A line belongs in the answer only if it contains the word "Alternate"; copy every such line from the listing below.

====

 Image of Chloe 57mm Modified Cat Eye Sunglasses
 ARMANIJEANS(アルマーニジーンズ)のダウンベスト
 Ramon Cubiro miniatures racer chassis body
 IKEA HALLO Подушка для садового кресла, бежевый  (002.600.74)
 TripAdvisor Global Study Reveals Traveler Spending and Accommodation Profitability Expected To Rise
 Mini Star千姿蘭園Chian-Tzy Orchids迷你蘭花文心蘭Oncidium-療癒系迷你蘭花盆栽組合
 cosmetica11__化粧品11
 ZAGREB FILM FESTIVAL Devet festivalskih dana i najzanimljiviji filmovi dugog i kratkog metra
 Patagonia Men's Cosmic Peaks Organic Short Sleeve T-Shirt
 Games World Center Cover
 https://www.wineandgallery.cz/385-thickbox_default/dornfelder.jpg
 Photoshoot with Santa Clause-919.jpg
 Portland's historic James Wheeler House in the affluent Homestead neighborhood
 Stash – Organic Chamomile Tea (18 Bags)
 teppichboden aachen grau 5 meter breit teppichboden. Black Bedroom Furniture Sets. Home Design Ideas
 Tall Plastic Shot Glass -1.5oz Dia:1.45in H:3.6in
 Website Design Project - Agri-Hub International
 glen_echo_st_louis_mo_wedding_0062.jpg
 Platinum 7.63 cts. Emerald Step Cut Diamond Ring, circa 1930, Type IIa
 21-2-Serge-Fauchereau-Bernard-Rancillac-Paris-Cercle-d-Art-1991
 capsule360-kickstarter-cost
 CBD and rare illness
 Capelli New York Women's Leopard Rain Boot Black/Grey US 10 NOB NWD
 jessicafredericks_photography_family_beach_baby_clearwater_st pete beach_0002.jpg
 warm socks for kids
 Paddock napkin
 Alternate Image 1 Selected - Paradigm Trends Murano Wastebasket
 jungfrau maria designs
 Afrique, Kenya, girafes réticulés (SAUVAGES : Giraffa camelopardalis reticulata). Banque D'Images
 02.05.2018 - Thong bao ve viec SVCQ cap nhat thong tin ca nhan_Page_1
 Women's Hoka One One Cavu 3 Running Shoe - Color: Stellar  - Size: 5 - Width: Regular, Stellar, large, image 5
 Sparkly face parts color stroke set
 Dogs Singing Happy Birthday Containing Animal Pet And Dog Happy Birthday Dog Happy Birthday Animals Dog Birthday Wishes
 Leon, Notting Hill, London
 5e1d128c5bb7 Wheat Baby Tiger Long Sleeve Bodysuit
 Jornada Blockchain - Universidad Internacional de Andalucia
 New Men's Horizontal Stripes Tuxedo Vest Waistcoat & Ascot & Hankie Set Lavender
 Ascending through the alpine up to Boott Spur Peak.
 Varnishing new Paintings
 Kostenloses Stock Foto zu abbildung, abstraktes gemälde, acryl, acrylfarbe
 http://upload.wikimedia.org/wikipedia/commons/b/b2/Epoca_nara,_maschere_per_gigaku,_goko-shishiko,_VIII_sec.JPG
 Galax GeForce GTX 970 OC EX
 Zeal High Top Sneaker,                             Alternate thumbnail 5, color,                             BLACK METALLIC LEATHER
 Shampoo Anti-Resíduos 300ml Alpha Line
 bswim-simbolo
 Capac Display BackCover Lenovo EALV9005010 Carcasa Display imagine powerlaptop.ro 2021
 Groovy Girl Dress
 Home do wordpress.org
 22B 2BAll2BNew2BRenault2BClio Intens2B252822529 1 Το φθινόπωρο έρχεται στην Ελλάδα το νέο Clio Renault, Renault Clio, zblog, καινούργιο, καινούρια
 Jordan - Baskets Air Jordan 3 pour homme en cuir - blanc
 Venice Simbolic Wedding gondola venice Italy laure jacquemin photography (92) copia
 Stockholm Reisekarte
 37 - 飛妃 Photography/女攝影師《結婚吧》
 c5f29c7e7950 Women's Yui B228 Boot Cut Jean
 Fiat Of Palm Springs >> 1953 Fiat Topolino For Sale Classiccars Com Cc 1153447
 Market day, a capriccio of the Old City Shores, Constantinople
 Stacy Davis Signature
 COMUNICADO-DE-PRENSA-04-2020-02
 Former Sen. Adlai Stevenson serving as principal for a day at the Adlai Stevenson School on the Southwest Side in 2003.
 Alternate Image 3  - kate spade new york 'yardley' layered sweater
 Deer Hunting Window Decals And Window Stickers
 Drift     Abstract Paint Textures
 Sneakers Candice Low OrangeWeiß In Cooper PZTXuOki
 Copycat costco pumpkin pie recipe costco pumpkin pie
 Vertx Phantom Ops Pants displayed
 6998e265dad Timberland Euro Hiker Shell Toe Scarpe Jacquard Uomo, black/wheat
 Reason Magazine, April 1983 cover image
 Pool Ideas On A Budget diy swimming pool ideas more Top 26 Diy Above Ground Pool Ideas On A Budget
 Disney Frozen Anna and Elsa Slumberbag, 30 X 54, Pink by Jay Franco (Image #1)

====

> [OUTPUT OF THE TASK]:
 Alternate Image 1 Selected - Paradigm Trends Murano Wastebasket
 Zeal High Top Sneaker,                             Alternate thumbnail 5, color,                             BLACK METALLIC LEATHER
 Alternate Image 3  - kate spade new york 'yardley' layered sweater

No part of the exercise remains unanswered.